# Cooking Wild Turkey. Any Idea's??



## Aversa123

I shot my first Turkey and I'm just wondering if anyone would know how to cook it. I was looking at probably roasting it, but I'm not sure if that's a good idea for Wild Turkey.  The turkey is a young Jake 16.5 Ibs. Any idea how long I should cook it??


----------



## always_outdoors

I like to inject the turkey with a marinade (cajun, BBQ, butter and herb, ect..) and put it on the grill. Slice it and put it on homemade buns.
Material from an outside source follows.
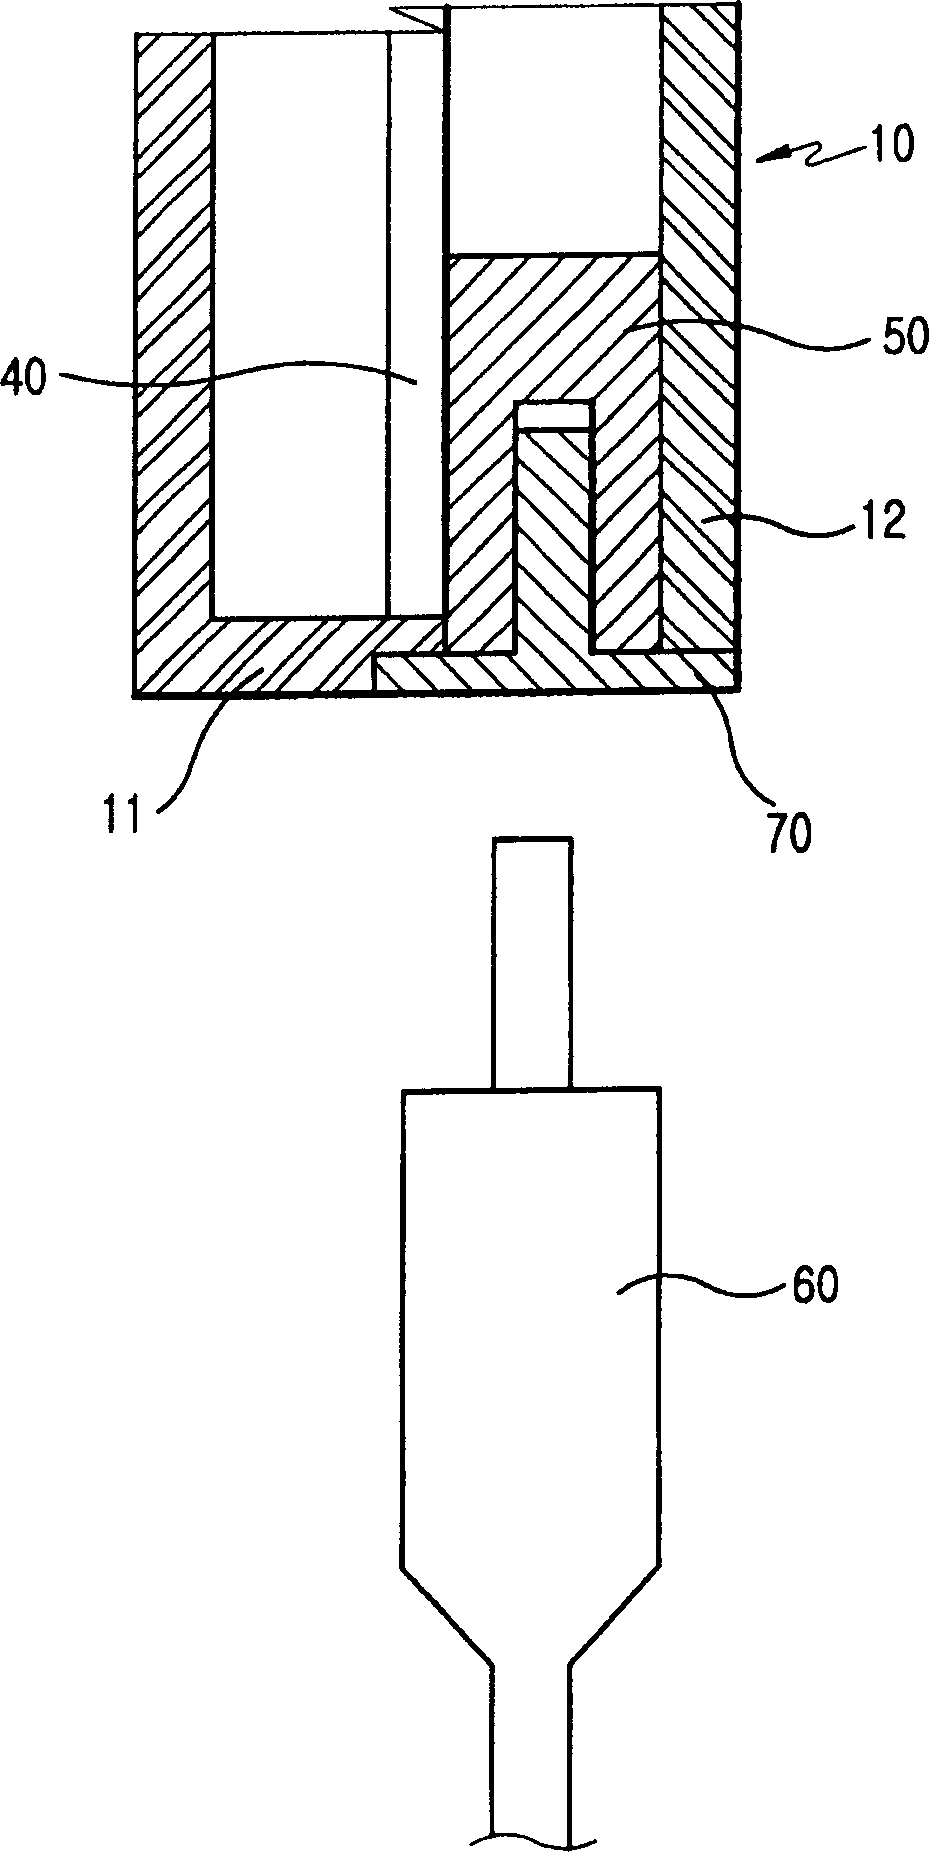 Interface connector cover opening and closing apparatus for mobile communications terminals

You get to eat wild game and if possible you get your Mom/Grandma to bake up some homemade buns. 2 birds with 1 stone. Everyone wins.


----------



## dogdigger

i put mine ins a over bag with onions and carrots and potatos in it, and cook it like a normal turkey. mine was young too, and it was so good just melted in your mouth.

mark


----------



## BBlead

aversa123, i defineatly agree with live2hunt, i've shot numerous wild turkeys and i have found that injecting them with cajun has turned out to be the best i've ever had, and if u can't eat it all at one meal, i've found that it makes great sandwhich meat as well


----------



## cut'em

I'll tell right now try it on a barbeque grill once and you wont go back to roasting. I breast my birds out and then cube them up into roughly 1x1 cubes put these in a bowl with a good maranaide soaking over night. Try mcCormick's grill mates spicy caribbean. place 5 or 6 pieces on each scewer and put on the grill. watch you don't overcook them or they'll get tough quick. How long to cook them? uasually for me it's about 3/4 of a beer whatever that translates to. They are tough to judge when done, I usually have a few loose peices on the grill I test as i go. Try this with chicken to get the feel of it. :beer:


----------



## Trapper155

Hey, anyone ever try making Jerky out of one because all the ones i've ever had tasted pretty bad and were tough as leather. Any one got any tips?


----------



## cheese_hunter

If you can get your hands on a setup, deep-frying a bird in peanut oil kicks ath. You do need to pluck it. I inject mine with a mix of melted butter and cajun seasoning, but you can shoot 'em up with a lot of things: mix butter with garlic, lemon juice, and black pepper, for example.
There are some instructions here: http://www.bowhunting.net/susieq/turkey.htm 
http://www.wildturkeyzone.com/misc/recipes.htm

Of all the methods to cook a turkey, I prefer deep-frying and BBQ'ing on the Weber. Deep-frying a bird takes about 45 minutes, plus time for cleanup. One warning though: deep-frying outdoors is not a good idea when it rains, and I've got the face to prove it!
On the Weber, it takes a couple of hours, but there is virtually no cleanup if you use the indirect cooking method with a drip pan below the bird.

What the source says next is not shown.